Every year my family had gone up to Lake Tahoe for a week at the same timeshare since I can remember. This year would be no different, or so I thought. My brother and his best friend went up with my parents early and my best friend and I came up a few days later in my car. My brother had been bugging us all day to go out on the wave runners, and so, 4 something in the afternoon I gave in and off we went. Each of us had our own ride. I don't recall how long we had been out on the water but what I do remember is the last time I looked at my brother with his big goofy smile. I turned to drive the other direction and within a minute my heart felt a pain to this day I can't describe and I my breath was taken right out of my lungs. Some might call me crazy but my brother and I, though we had our days of arguing, were so close, so connected.

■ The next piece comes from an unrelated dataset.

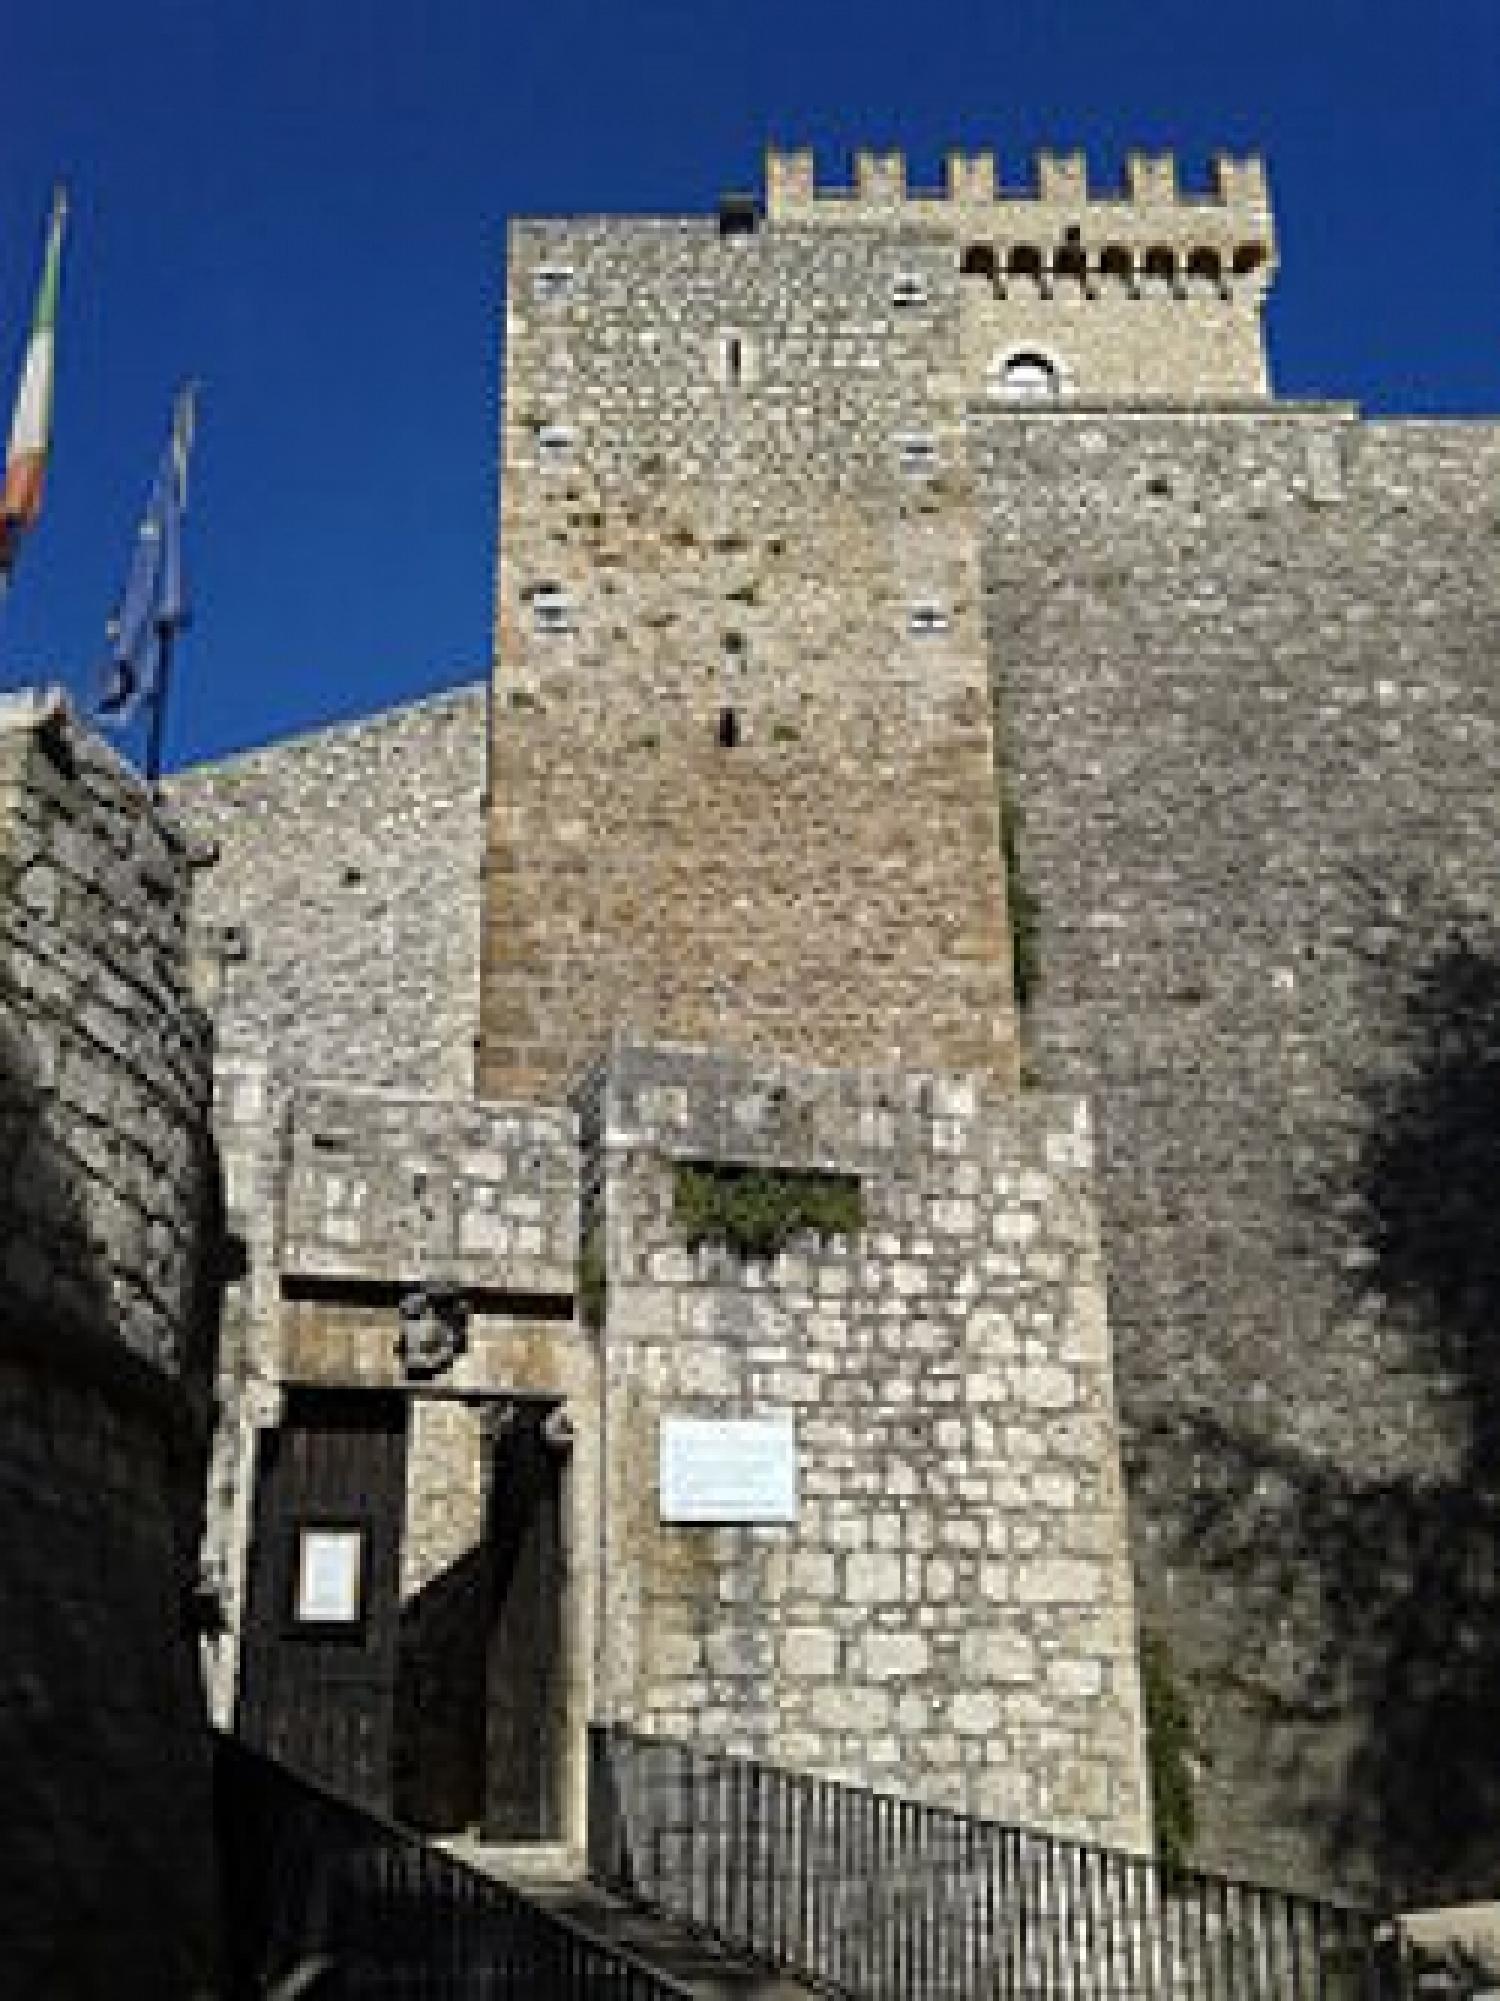 225px-Celano_museo_arte_sacra_Marsica.jpg

When I finally turned around the first thing I saw was two empty wave runners floating and a boat right beside them. As I looked closer I saw an arm flopping out over the side of this boat and a man yelling as he started to race in towards shore. I too raced back to shore yelling and full of a fear I never knew existed. I ran off my wave runner like I was going to save the day but when I got close all I saw was blood and the look on my parents faces. I went numb. People were every where, I even remember a man with a video camera. People tried to keep me away but I was determined......he laid there on the cold wet cement of the boat ramp, water gathering up around him and washing away blood back into the lake. A breathing mask had been put on his face but there was blood, lots of blood, filling it up. I kept asking myself and yelling to others "why aren't you taking him away to the hospital?". Finally they put him in the ambulance with my parents as I was left behind with my best friend, my brother's best friend and others who were asked to watch over us. I remember getting on my hands and knees on the beach praying to God "please don't let him be a vegetable, please take him if that is his fate", "don't let him suffer, open your gates and welcome him to a peaceful better place"........God must have heard me because that is exactly what he did........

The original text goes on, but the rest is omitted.